I have been wanting to get a simple train set-up for this time of year to put up on a ledge we have.

I have a ledge in our great room that is about 22 feet long. I want to set up a train to run the length of it, reverse direction and go back to the other end automatically.

Can you guys help me to figure out how to do this. The ledge is about 8+ feet off the ground so a larger scale I think is needed.

First off, can you make a setup like this where the train runs the length of the track and then automatically reverse to go the other direction?

Secondly, if so, where would I go to buy the gear? I imagine a Locomotive, a few cars and a caboose would be sufficient cars.

Ay ideas are greatly appreciated.

Thanks in advance.
Matthew
[email protected]


----------



## T-Man

*Circle not good enough!*

We had this question before. There is no easy way or one that is guaranteed. To stop a conventonal HO engine on two rail track you can isolate a track section with a 1n4001 diode. This will let the engine on the track and stop it because it rigged to operate in the other direction. Next you need a relay to reverse polarity. You can do this with a micro switch. The engine needs to be off when the polarity switch happens so timimg is important. 
A 555 timer does work with time delays and a optical sensors.If you like electronics my thread on the flasher has a link to the kelly school a good beginner site. Radio Shack has the basics but the complex stuff will require a National supplier like Mouser.
DCC is expensive but I do not know if you can program a back and forth action.
It is hard to say how an engine will take to back and forth motion. Nowadays the throttle is added slowly, if you do not do this, the engine will jump to speed. So it would be better to increase it over time than just switch it.So this is the third problem. I don't know how to program a rheostat. 
Lionel makes a car that goes back and forth but the small motor is not for continous use.

You can use the diode to stop the train and just use a manual control to reverse it. Just remember if the train is long, in reverse the engine has to pass the diode to stop. 
Keep searching and let us know.


----------



## tworail

If you go large scale, LGB makes a kit just for this purpose. I'll try and dig up the product number so you can do some research on it.


----------



## T-Man

*update*

This being an old thread the problem was solved by building a reverse circuit.


----------



## tooter

Hey James,  

I have a simple solution. 
A big O scale Lionel #60 trolley...  










This trolley has bumpers on each end and when they hit a spring loaded Lionel bumper at the end of the track...










...it *automatically* reverses direction. :thumbsup:

You can get a nice used trolley for around $70 on ebay. #26 Lionel Bumpers can be gotten for under $20 each. Track is really easy to get. 

Greg


----------



## tjcruiser

Greg ...

That's pretty clever / simple for Lionel to put a mechanical bump-switch right into the trolley. Doesn't get easier than that.

Although ...

T-Man's "reverse circuit" gizmo and video is very enticing ... I really like the time-delayed turnaround. Very realistic.

Good thinking, everyone!

TJ


----------



## tooter

Yeah, I was just thinking of the most simple approach that doesn't involve any special wiring at all. 
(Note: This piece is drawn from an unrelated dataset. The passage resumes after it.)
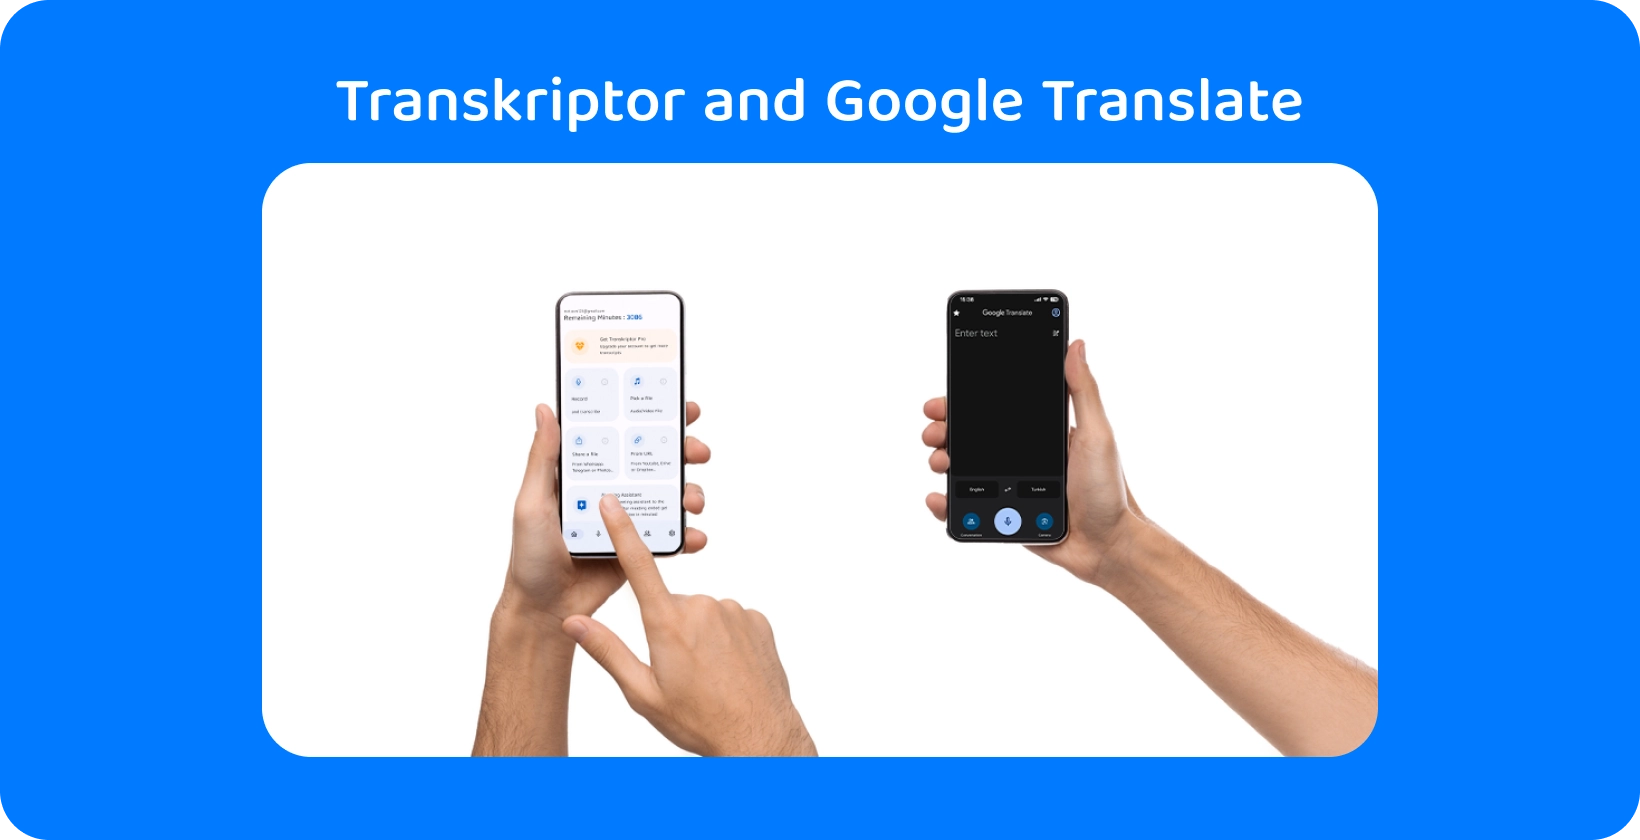 Two hands holding smartphones with Transkriptor and Google Translate, demonstrating audio transcription and translation.

We have one of those Lionel bumper trolleys from when I was kid... and run it around the Christmas tree. 

Greg


----------



## T-Man

One fall season we had many request for it. So I made one. You can buy them, for some reason the are more sophisticated. This is one of my better success stories. I think Bachmann made a reversible mechanical set too in HO.
The timer is a nice feature. I should place another block delay on the table too. I am running 6 trains now. One good thing about this hoby is that it has given me plenty of options. There is always something to do. Now I am at the point I need to wire up the table for lights. WIth two raised lines I can light up both with one set of lights. Whever I can get to it.
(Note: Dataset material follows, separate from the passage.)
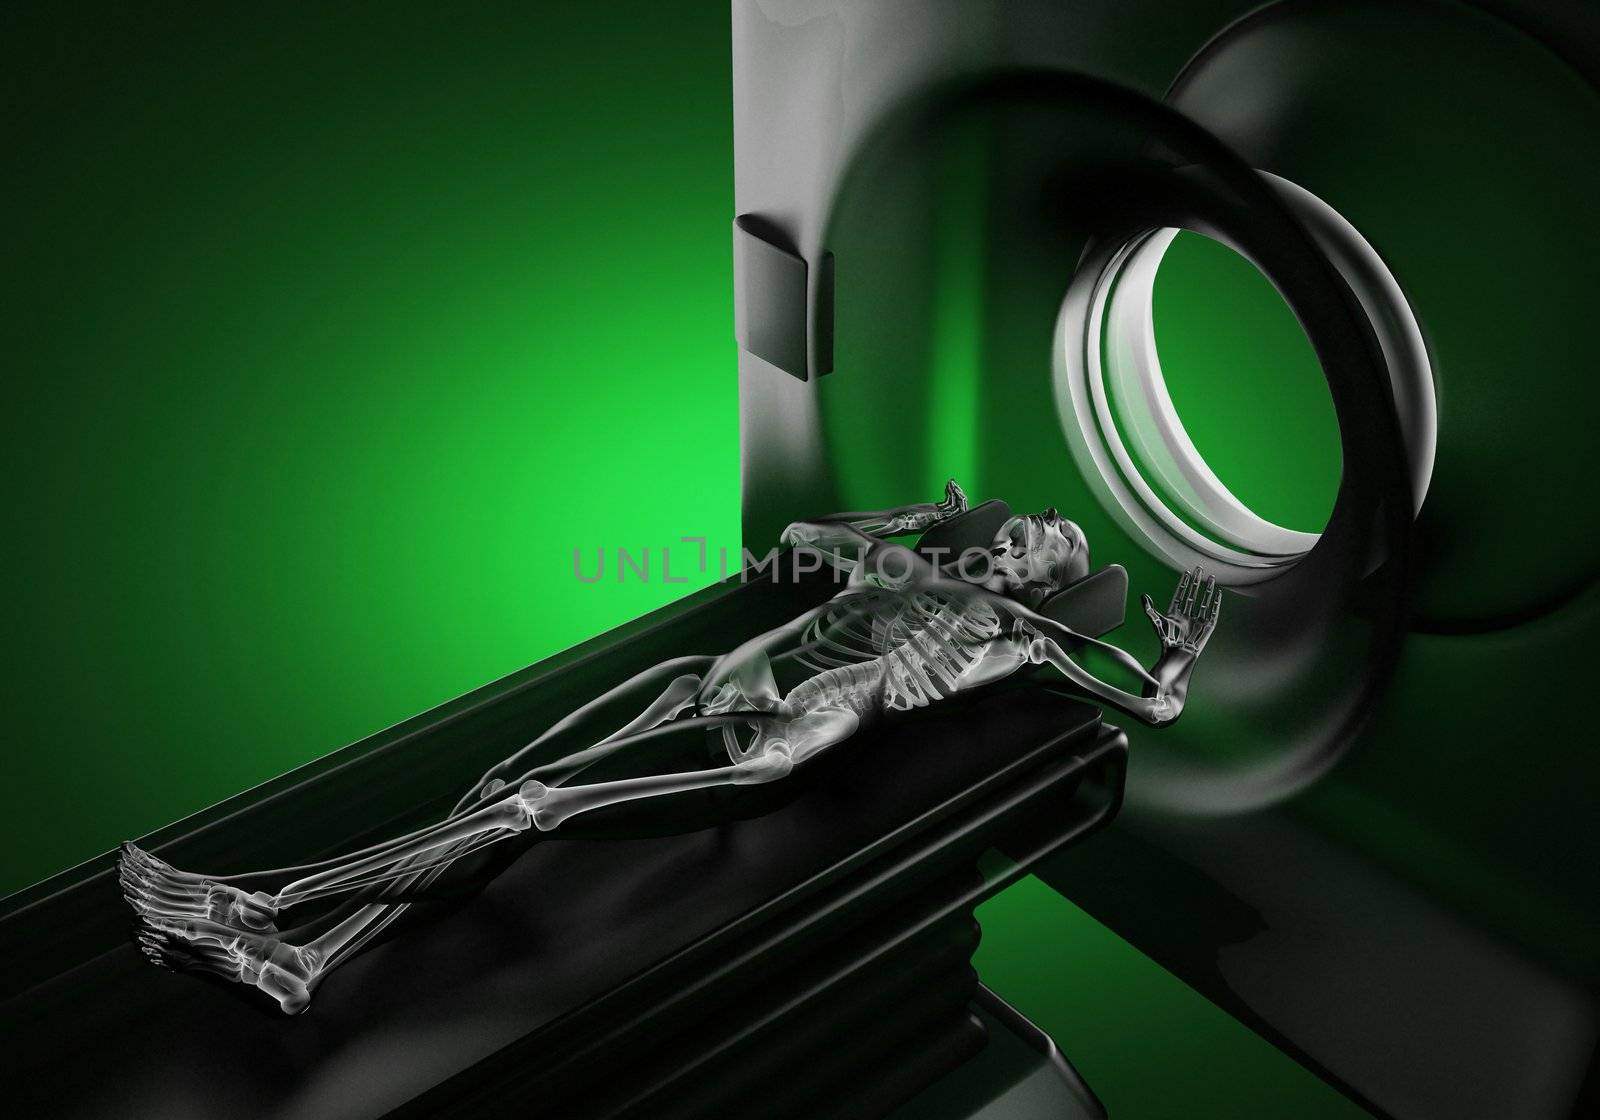 MRI examination by videodoctor

I did spot this thread when it was being viewed by a guest, so I had to update it.

I don't mind reviving threads. Some forums are negative on this, but if it needs discussion, bring it up. We are getting more guest researching our threads. Hopefully they will see we are getting better.


----------



## tilelayer

I have a set of lgb bumps that have wires and I have a street car to run back and forth but I have no idea how to wire this up.


----------



## gunrunnerjohn

I have several trolleys that have the reverse bumpers, including the Lionel #60. It's certainly the easy way to make it go back and forth.


----------



## tilelayer

This is a G scale setup not lionel.


----------



## gunrunnerjohn

At 8 feet, I think O-scale would work fine if you can consider that. Certainly a lot of choices in O-scale.


----------